A module exposes tools by implementing `get_mcp_tools()` on its `ScaiGridModule` subclass:

```python
def get_mcp_tools(self) -> list[McpToolDef]:
    return [
        McpToolDef(
            name="mymodule_action",
            description="Does X.",
            input_schema={"type": "object", "properties": {...}},
            handler=self._handle_action,
            required_permission="mymodule:execute",
        ),
    ]
```

The module registry collects these at module load. ScaiMCP's `list_tools` iterates them per-request — there's no static registration, so a module that wants to gate its tool list by config or feature flags can do so at call time.

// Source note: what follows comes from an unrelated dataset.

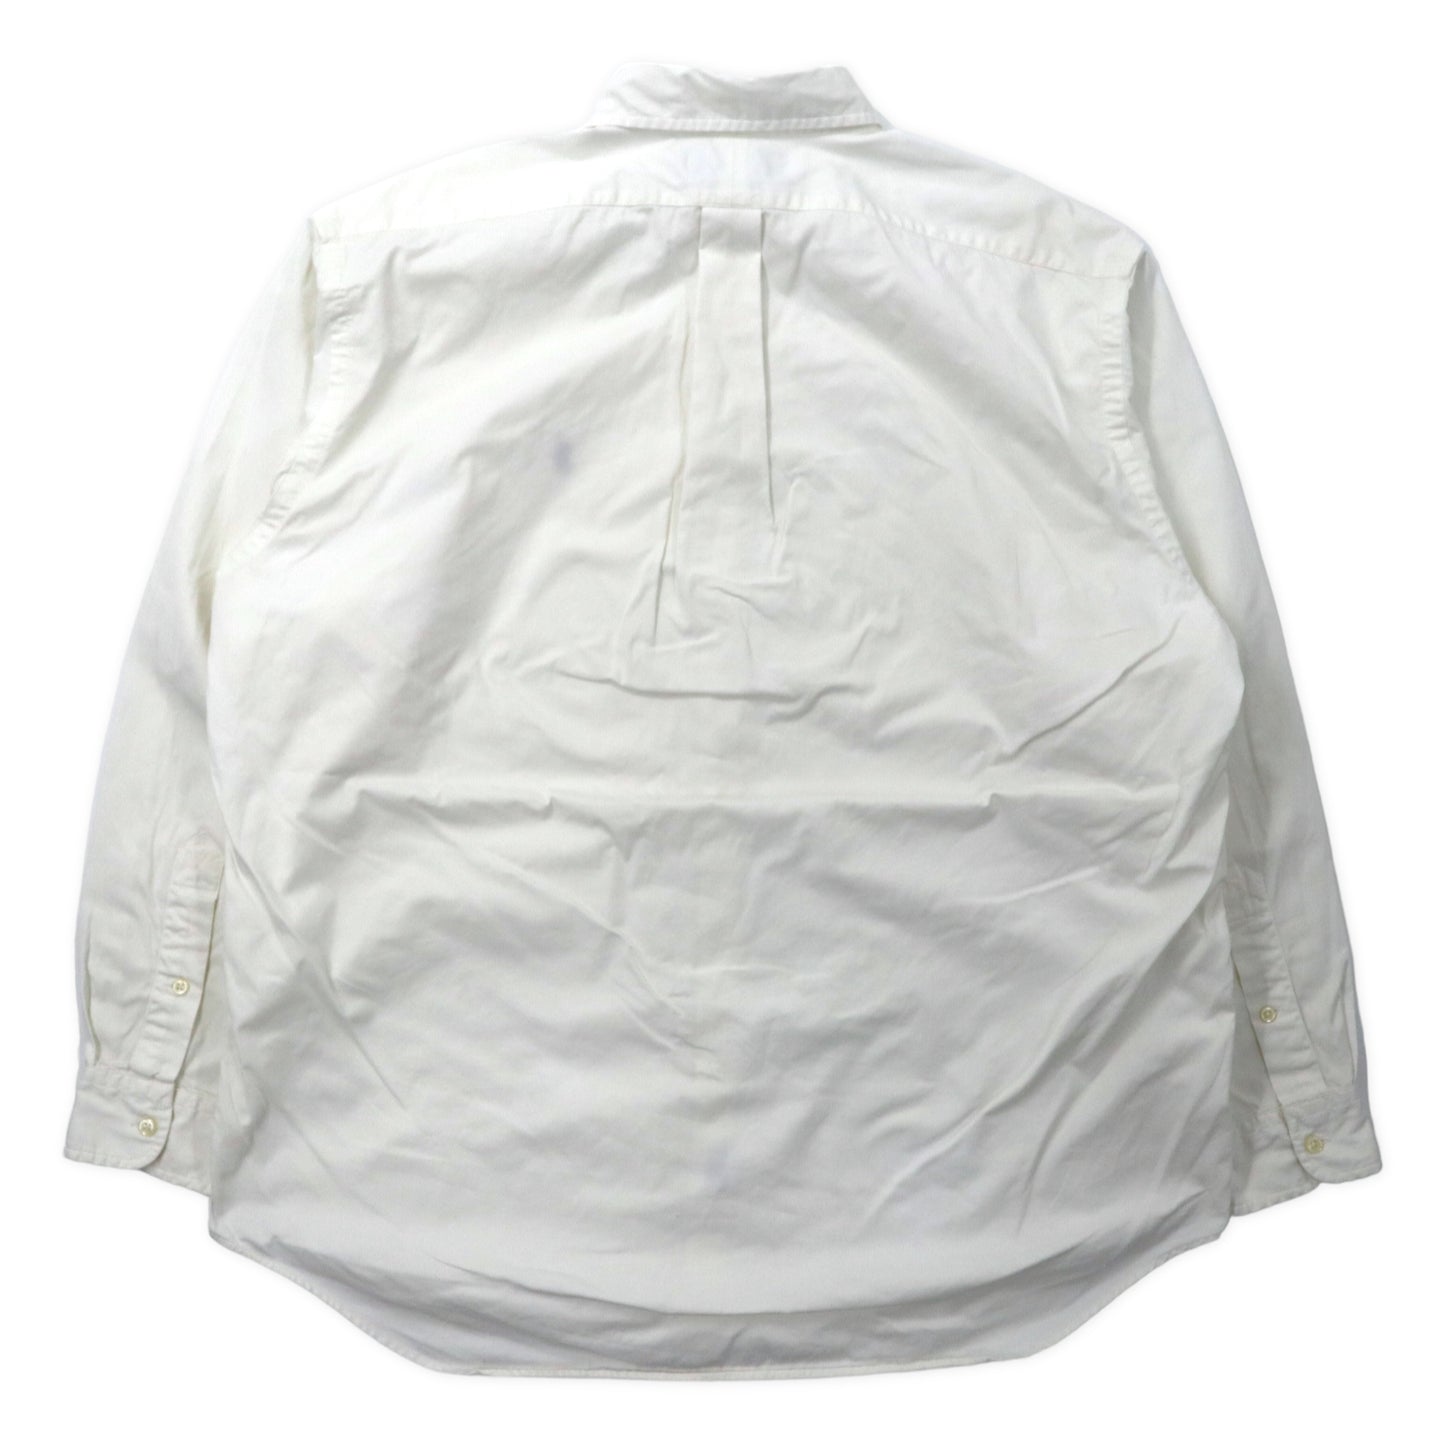 Ralph Lauren BLAKE ボタンダウン オックスフォードシャツ L ホワイト コットン スモールポニー刺繍

## How the cloud-MCP path differs

For `remote.*` names, the request never touches the local handler. ScaiMCP imports `modules.scailink.services.remote_aggregator.invoke_remote_tool`, which:

1. Parses the name to extract scope (user / tenant), slug, and tool.
2. Verifies the caller is allowed to invoke this registration (personal: must be the registrar; tenant: must hold `scailink:remote.use`).
3. Opens (or reuses) an outbound MCP session to the upstream server.
4. Forwards the call, optionally injecting the caller's user id depending on the registration's `forward_user_id` setting.
5. Returns the upstream `CallToolResult`, which ScaiMCP flattens to text content.

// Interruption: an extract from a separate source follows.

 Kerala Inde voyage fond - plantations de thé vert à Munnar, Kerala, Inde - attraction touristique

The local handler sees nothing — the upstream owns schema, behaviour, and errors. That keeps cloud-MCP integration loosely coupled and means upstream changes don't require redeploying ScaiGrid.

## Failure modes

- **Unknown tool** → `TOOL_NOT_FOUND`. Most commonly a typo or a module that isn't enabled for the caller.
- **Permission denied** → `PERMISSION_DENIED`. Caller authenticated but lacks the tool's required permission.
- **Module disabled** → `MODULE_NOT_ENABLED`. Tool exists in the registry but the caller's tenant doesn't have its module on.
- **Underlying service error** → the service's `ScaiGridError` is serialised with its own `code` and `message`. Same codes you see from REST.
- **Remote MCP error** → `RemoteClientError` (or subclass) with the upstream message.

Network and transport errors propagate to the MCP client as JSON-RPC errors — they don't appear in the tool-result envelope.